Closed thierryba closed 2 months ago

thierryba commented 2 months ago

Observed behavior

If one is deleting a message from jetstream asynchronously with natsMsg_Destroy, it will crash (https://github.com/nats-io/nats.c/pull/792 exhibits this in a test)

Expected behavior

it should not crash and I should be able to take a natsMsg and decide when I want to use natsMsg_Destroy on it. If I missed something, please correct me.

Server and client version

nats-server: v2.10.18 nats.c version 3.8.2 (the crash still happens with main, see test for it)

Host environment

MacOS 14, arm64

Steps to reproduce

see the draft PR for a test: https://github.com/nats-io/nats.c/pull/792

thierryba commented 2 months ago

I nailed it down to the _autoAckCB that actually destroys the message. That is a bit weird and defeats the purpose of having a callback, That callback should then never take a reference to the natsMsg unless we do manual ack.

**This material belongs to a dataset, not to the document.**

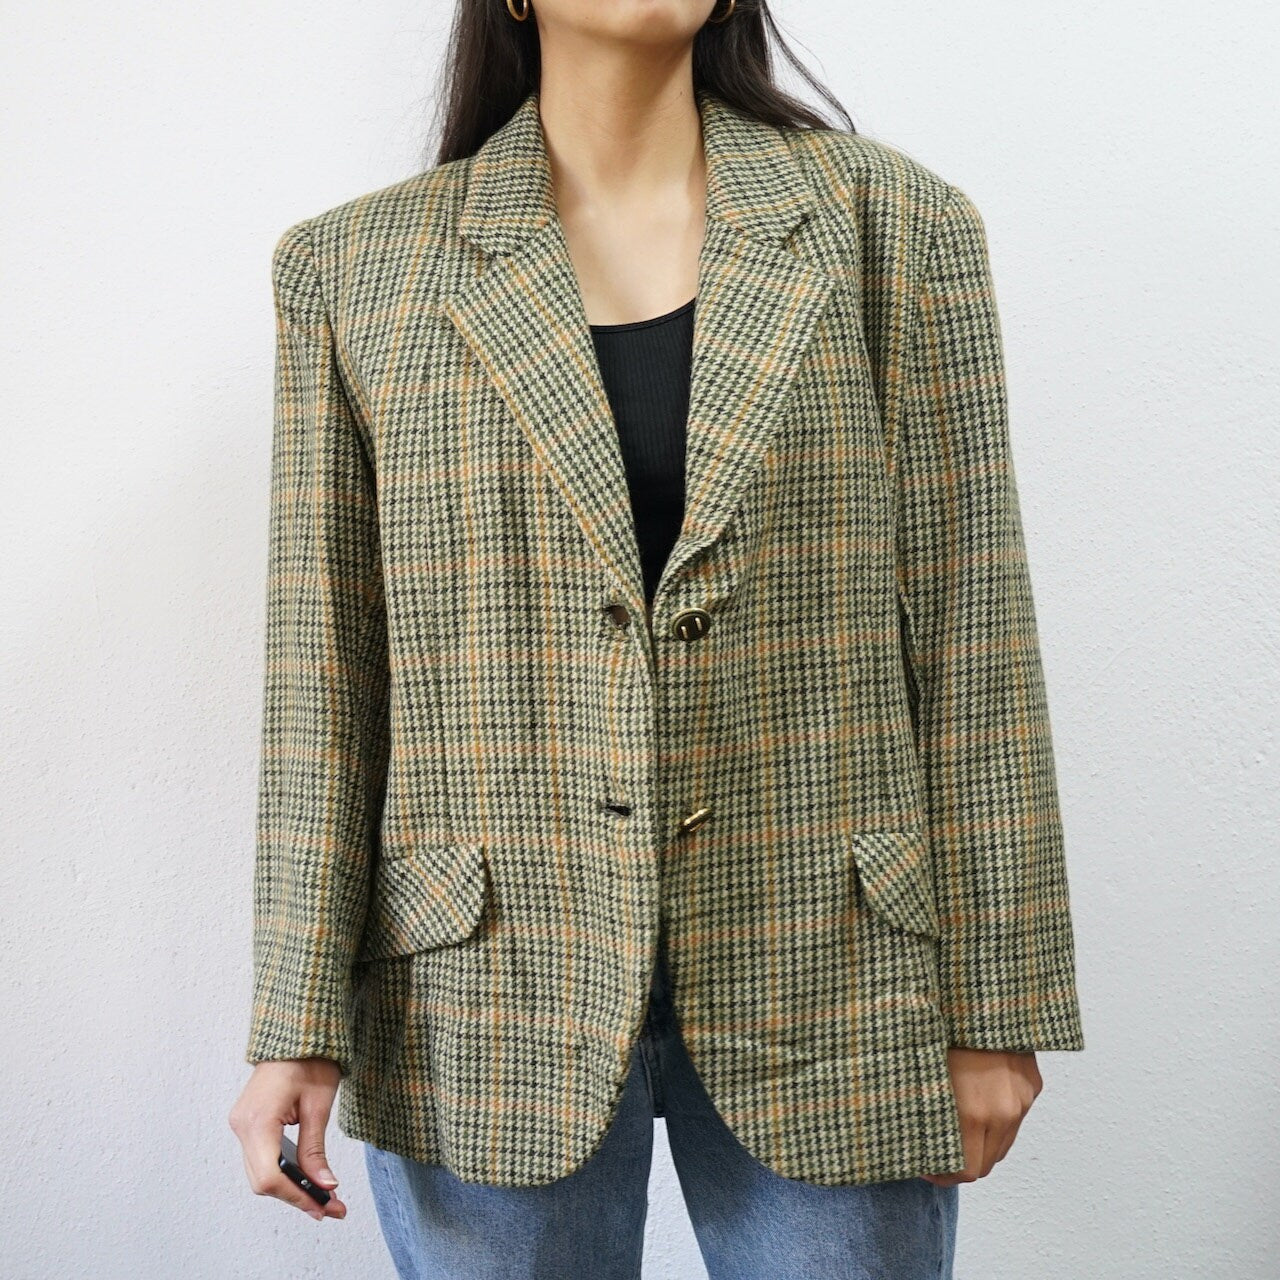 Vintage green yellow Blazer Size M checkered wool jacket shoulder pads blazer 90s blazer jacket

kozlovic commented 2 months ago

I was pretty sure that this was documented somewhere in the doc (nats.h), but can't clearly see it. But yes, the library "disables" the destroy so that when the caller calls destroys in the callback, the library still has access to it to ack the message, then internally destroys it.

Remember, natsMsg do not have lock and no ref counting, so we are limited in what we can let the user do with a message when the library still needs access to it.

The library could have done without the message by collecting the required information, which in this case is the reply subject really. But that would have mean to make a copy of that string.

thierryba commented 2 months ago

hmm ok, got it. I've seen that manual ack also destroys the message. So I will "just" rely on that. Thx.

thierryba commented 2 months ago

you could have left it to the callback to get rid of the message.

kozlovic commented 2 months ago

you could have left it to the callback to get rid of the message.

But again, the library - with auto-ack - needs to ack after the callback returns. So if the message is destroyed, the reference to the reply subject would be invalid, hence my comment regarding the need to make a copy of that string, which currently we don't need because we "disable" the destroy of the message by the user (using an internal flag).